There were those in the division who thought I wasn’t suited to this new role. The head of training, who was at my side throughout the course, said that I didn’t have the ‘killer instinct’; that I operated through understanding and recognition, rather than from a gut feeling. Hezi, on the other hand, thought I was OK; he wasn’t looking for ‘natural born killers’. My senior trainer had his own analogy: If you were picking a football team, you wouldn’t pick him as a striker, he said. You’d make him a defender or a midfielder; that’s his natural position.

The division’s psychologist was asked for his opinion on my suitability for the role. Ilan, a pleasant man, was apologetic. It’s not that there’s something wrong with you, he said. It’s just that an ‘operator’ is exposed to things that are likely to make him a bit of a schizophrenic. So I need to get to know you better and understand more about what happened to you in Hong Kong and afterwards.

Weren’t all the interviews and exams before the course–sentence completion, arithmetic progressions, psychometric exams, and Rorschach tests–enough? I asked, fatigued more than resentful. No, not for this kind of role, he answered, and went on to ask me a series of pointed, though gently formulated, questions.

It’s true that I did what I did without being totally committed and only because I understood how damaging it could be to the country if I didn’t act, was my response to the most difficult of the queries. On the other hand my doubts didn’t prevent me from carrying out the mission to the best of my ability.

Was not the fact that you recoiled at firing the third shot somehow linked to your general reservations about the action? he asked.

I gave it some thought.

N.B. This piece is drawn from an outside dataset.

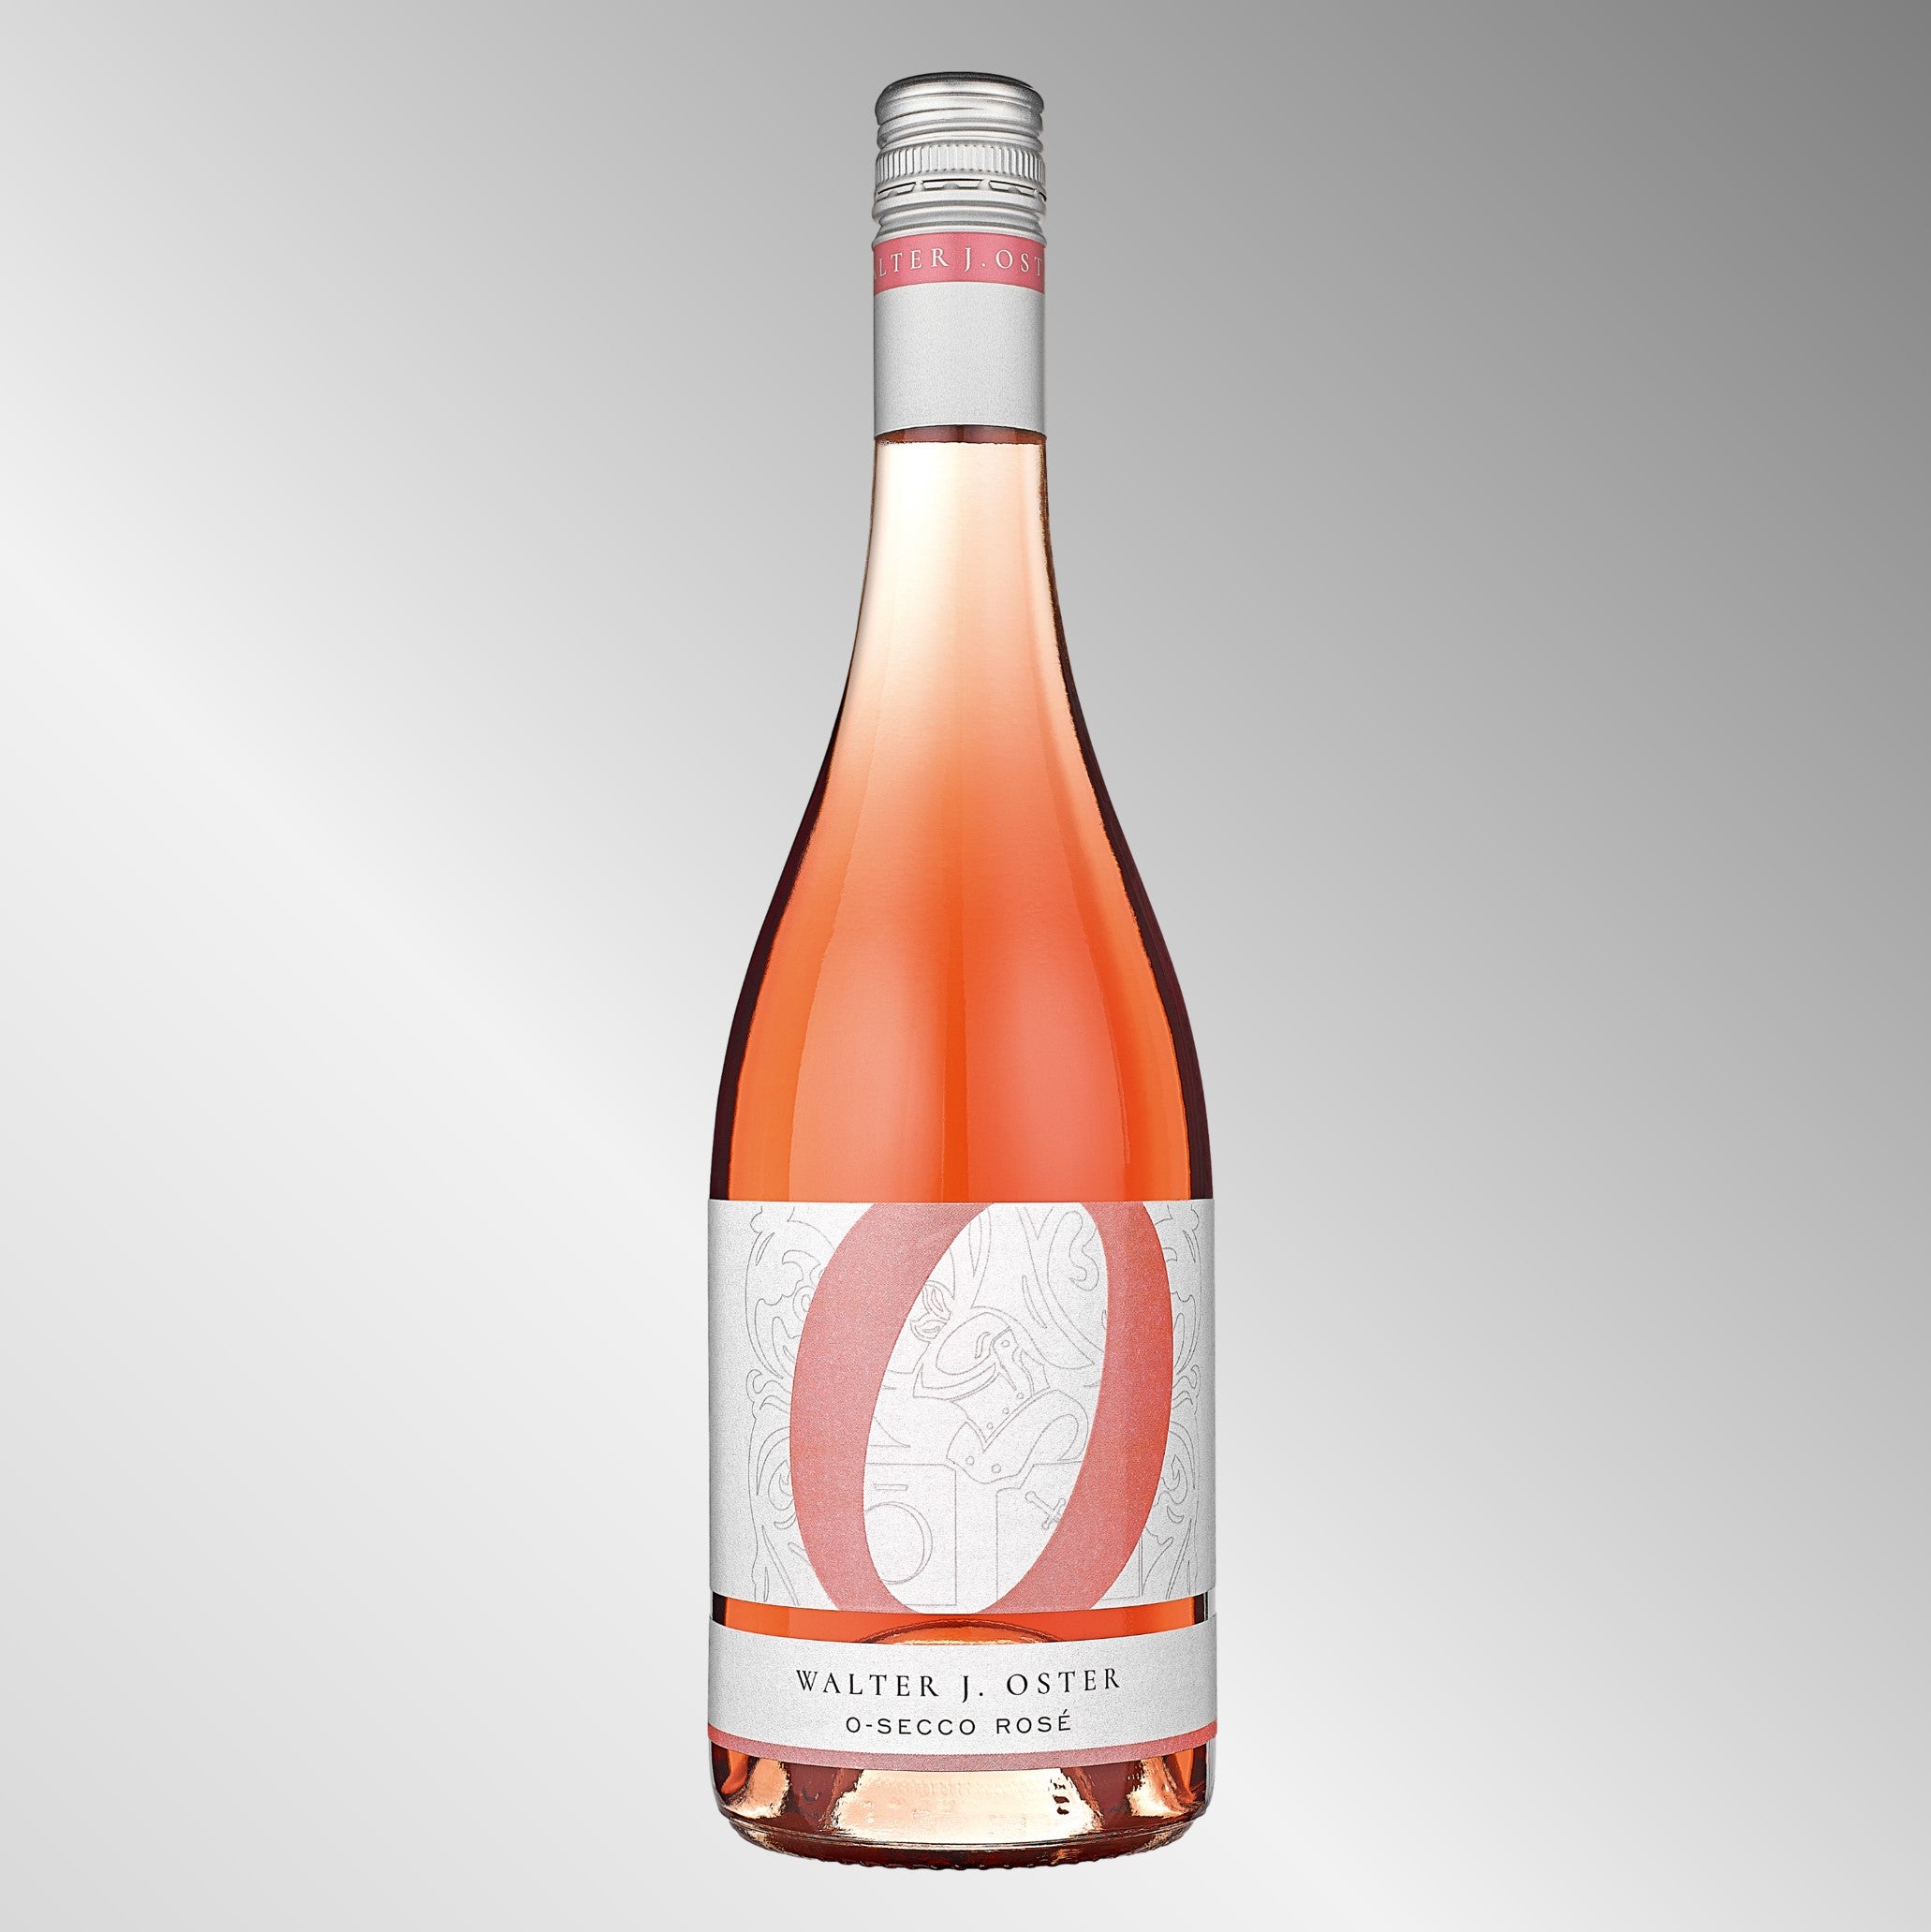 O-Secco Rosé - MILD | Weinmanufaktur Walter J. Oster | 750ml - 8,5% vol

I don’t think so, I finally said. The third shot seemed superfluous to me because there was a big bang and the security men could have come in at any moment. I wanted to get out of there quickly before success turned to failure. That’s why I also forgot to get the file of documents.

That only goes to show that you are normal, Ilan said. Do you have flashbacks of the incident or dream about it, he asked. Perhaps of the victim’s cracked skull after he was shot, or of a muzzle flash in the darkness of the room? No, I told him, I don’t have dreams about the operation, or any trouble sleeping. So what visions do you have, he asked. I told him that mostly I saw images of Orit and me having sex.

Ilan laughed, and said that my priorities were really OK. I explained my difficulties in not telling Orit, told him about the feelings of deception that were disturbing me in my relationship with her.

Does this feeling bother you more than the fact that you killed somebody? Ilan asked, giving me the impression that his curiosity was more personal than professional.

Yes, I replied. He was an enemy. An enemy whose ultimate purpose was to kill. She is my wife. But don’t get me wrong. Don’t think, not even for a moment, that I don’t understand that from an ethical point of view what I did was immoral, bad, inhuman, call it what you want. I know that at least as much as anybody else does. But I don’t relate to this act as being moral or immoral but as an act of survival, and such an act is not judged according to its morality. The little lie to Orit, however, is.

Ilan listened intently, with even the hint of a smile. Then he asked if I was capable of saying out loud that I was a Mossad assassin and stand by what I’d said. My answer was negative. I maintain the right to decide whether or not to carry out an operation depending on how critical it happens to be, I replied after thinking it over. And that prevents me from defining myself that way. But I can say out loud that I have killed while in the service of the Mossad or state.

Our unproductive attempts at conceiving led to a series of tests. My sperm was pronounced OK, Orit’s ovulation was found to be regular and all her other tests also proved OK. There was no apparent reason for our lack of success.

Orit pinned the reason on our way of life–which was another way of saying my trips abroad. Given that for a few years already I had been away from home at least once a month, it could very well be that we were apart on the days when conception was a possibility. The tension that she felt while I was travelling also didn’t help.